Home

Gerechtshof Amsterdam, 20-05-2025, ECLI:NL:GHAMS:2025:1557, 23/684

Gerechtshof Amsterdam, 20-05-2025, ECLI:NL:GHAMS:2025:1557, 23/684

Gegevens

Instantie
Gerechtshof Amsterdam
Datum uitspraak
20 mei 2025
Datum publicatie
20 juni 2025
ECLI
ECLI:NL:GHAMS:2025:1557
Formele relaties
Zaaknummer
23/684
Relevante informatie
Art. 7 BPM, Art. 9 BPM, Art. 10 BPM, Art. 19 AWR, Art. 2 BPB

Inhoudsindicatie

NA bpm. Vermindering in hoger beroep vanwege hogere historische nieuwprijs. Ten onrechte niet over wettelijke rente beslist.

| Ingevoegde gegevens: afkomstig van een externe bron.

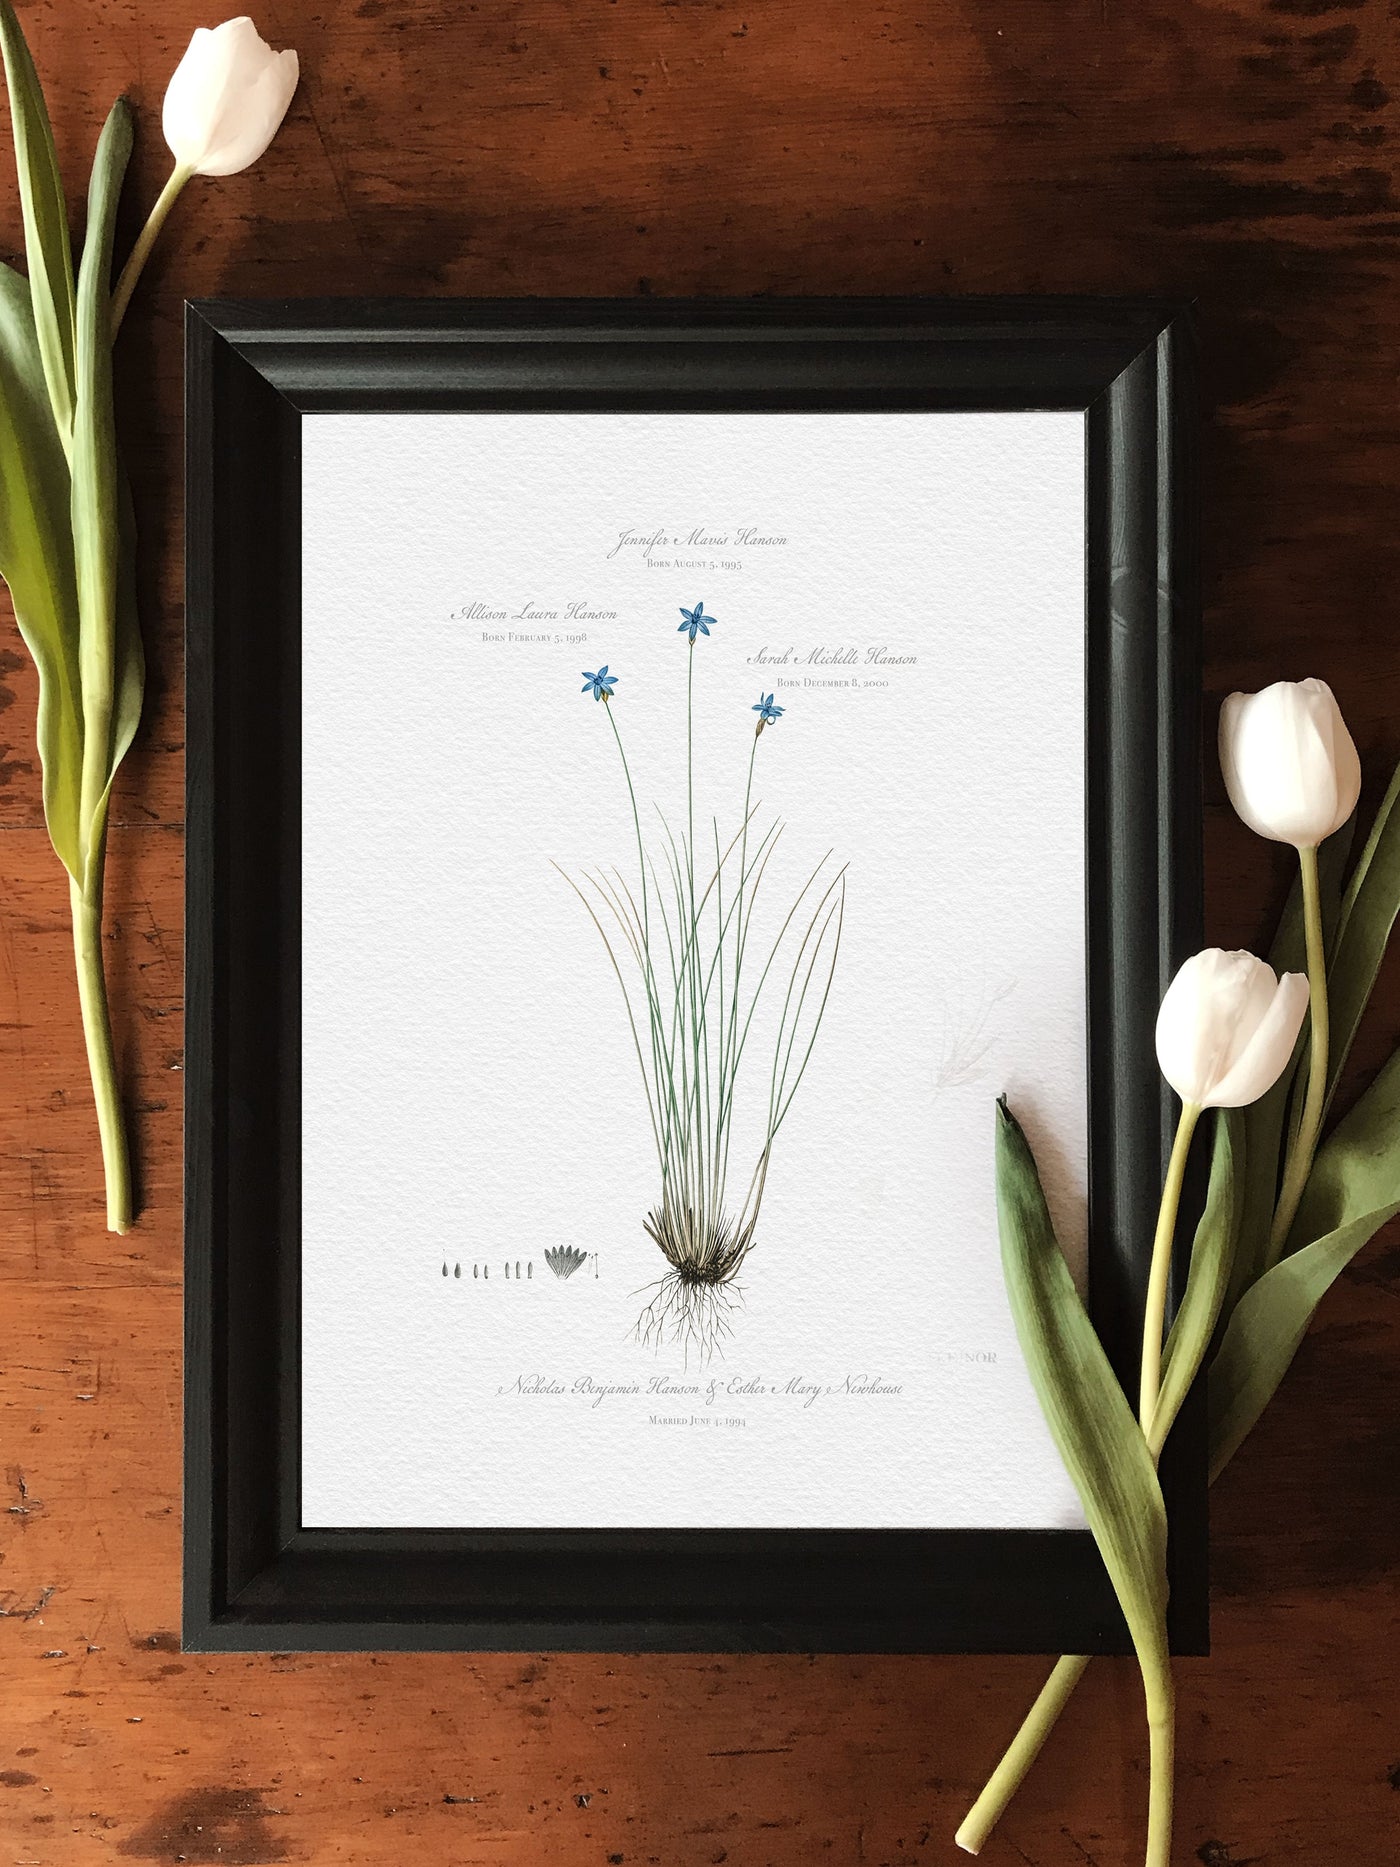 VINTAGE BLUE LILY FAMILY BOTANIC - lifestyle shot with tulips

Matiging pkv.

Uitspraak

kenmerk 23/684

20 mei 2025

uitspraak van de tweede meervoudige belastingkamer

op het hoger beroep van

[X] , wonende te [Z] , belanghebbende,

(gemachtigde: A.F.M.J. Verhoeven)

tegen de uitspraak van 22 juni 2023 in de zaak met kenmerken HAA 22/766 van de rechtbank Noord-Holland (hierna: de rechtbank) in het geding tussen

belanghebbende

en

de inspecteur van de Belastingdienst, de inspecteur.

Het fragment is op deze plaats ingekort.